State v. Patterson

105 Kan. 9 | Kan. | 1919

The opinion of the court was delivered by

Mason, J.:

B. J. Patterson and J. A. Gregoire were convicted of manslaughter in the fourth and first degrees, respectively, and appeal. The defendants are physicians, and the *10charge against them is that they operated upon Floris Lewis to produce an abortion, thereby causing her. death. She died following an operation at their hands, but they assert that its purpose was to remedy conditions brought about by a venereal disease from which she was suffering, and that she was not pregnant.

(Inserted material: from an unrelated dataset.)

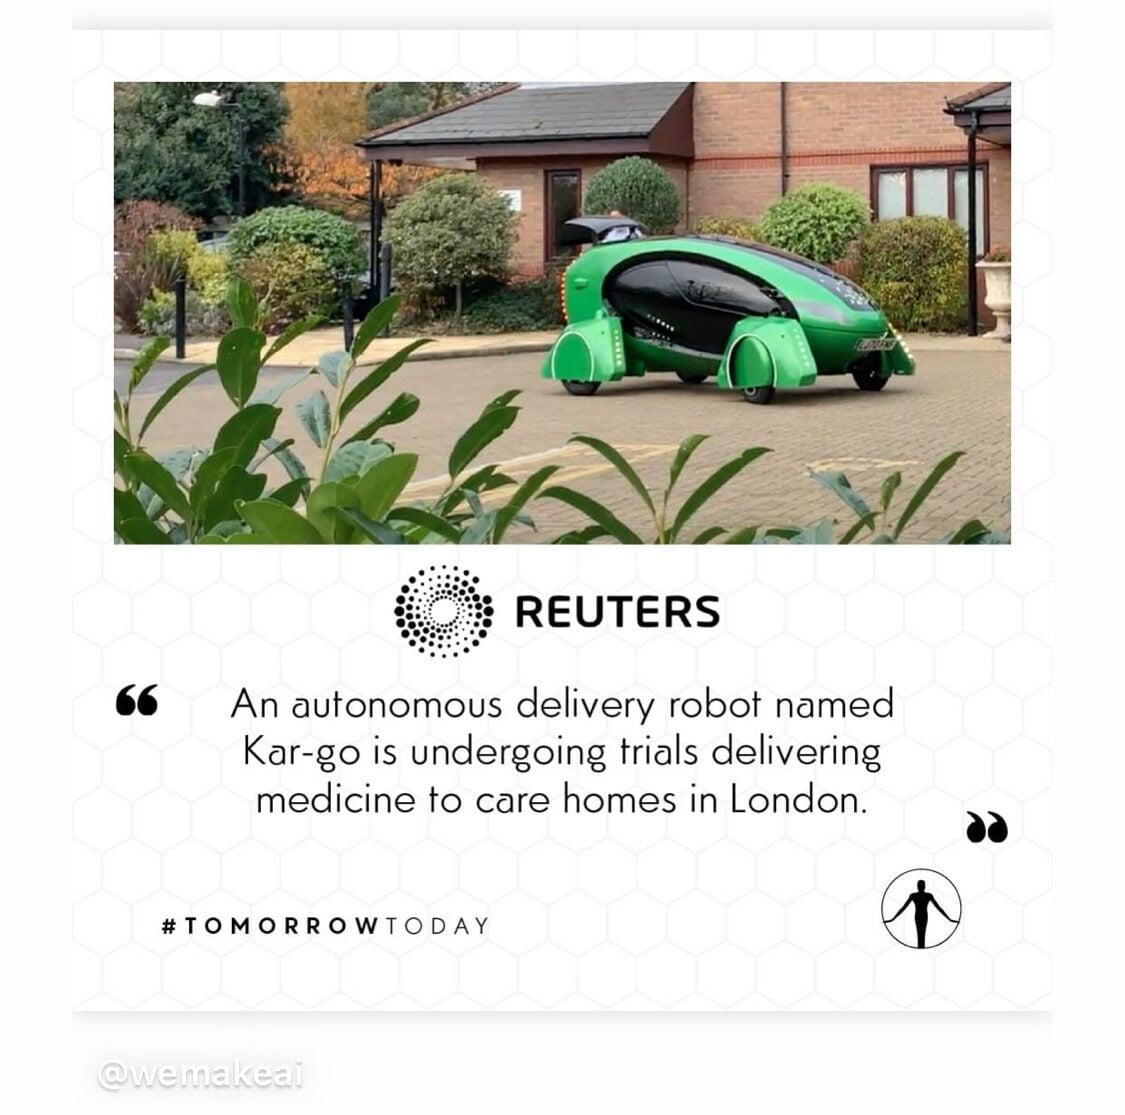 Kargo Reuters
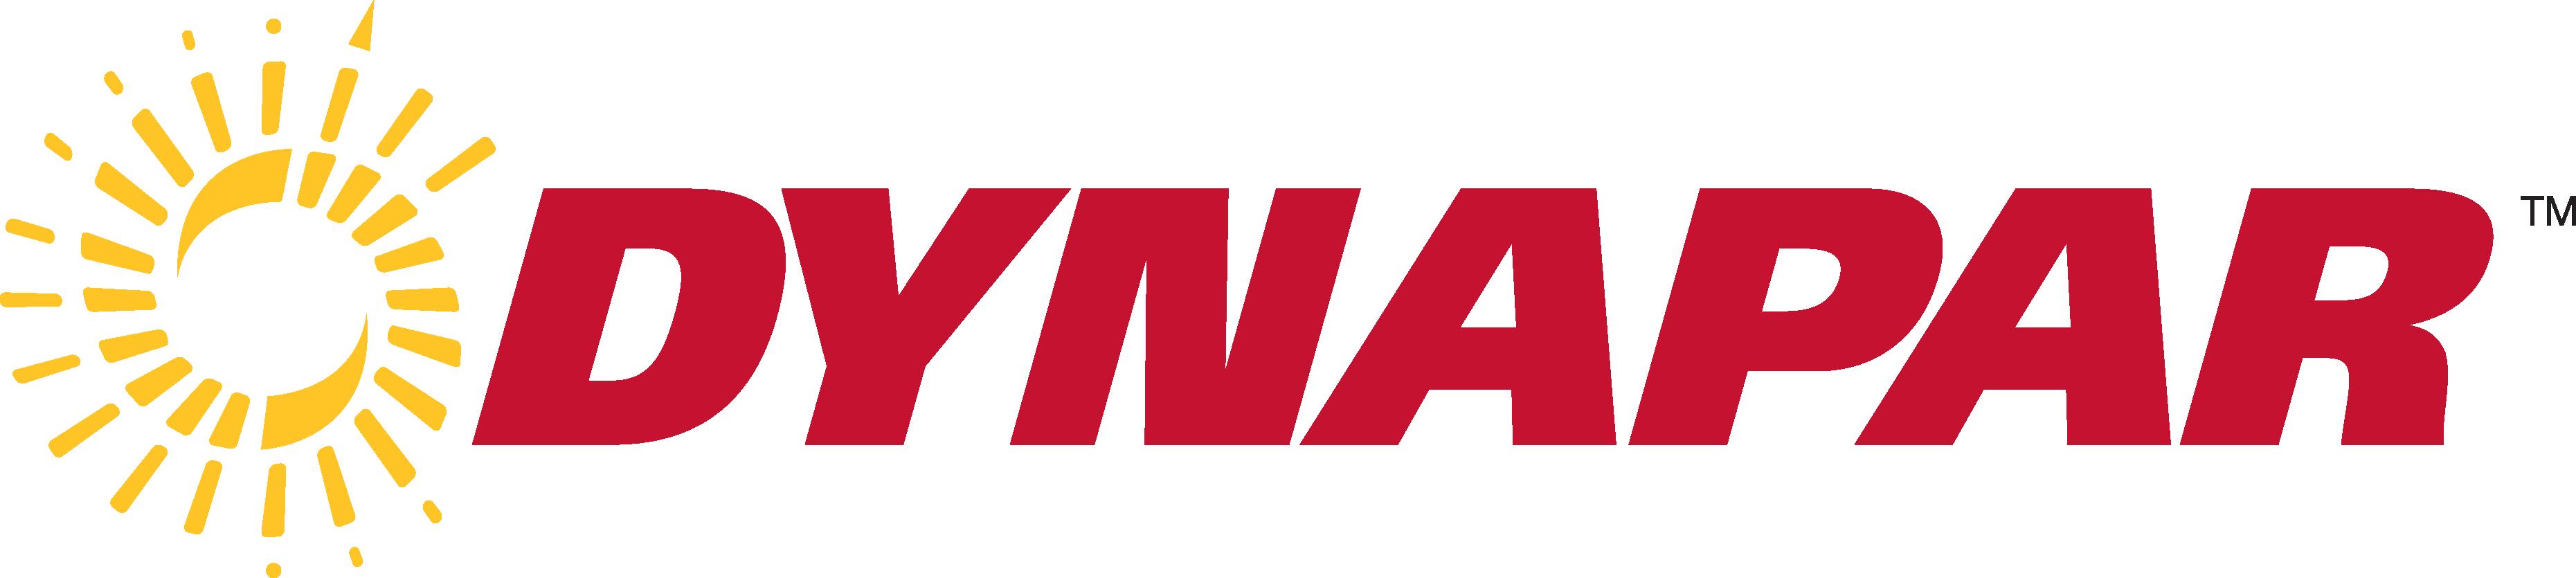 dynapar logo

1. Complaint is made of the failure of the court to give an instruction under the section of the statute making it manslaughter in the second degree to administer a drug to a woman “pregnant with a quick child” with intent to destroy it, or to employ an instrument with that purpose, where the death of the child or mother ensues therefrom. (Gen. Stat. 1915, § 3376.) Such an instruction would not have been proper under the information, which did not charge that Floris Lewis was “pregnant with a quick child.” It alleged that she was “pregnant with vitalized embryo,” and the contention is made that this expression is equivalent to that of the statute. “Vitalized,” however, merely means endowed with life. Any human embryo which is not dead is “vitalized.” It is no less endowed with life before reaching the stage of development known as quickening than after. A woman is said to be pregnant with a quick child, or quick with child, when the motion of the fetus becomes perceptible — usually about the middle of the period of pregnancy. (1 C. J. 312, note 39 [a] ; 1 R. C. L. 76.) Not only was this condition not pleaded, it was not indicated by the evidence.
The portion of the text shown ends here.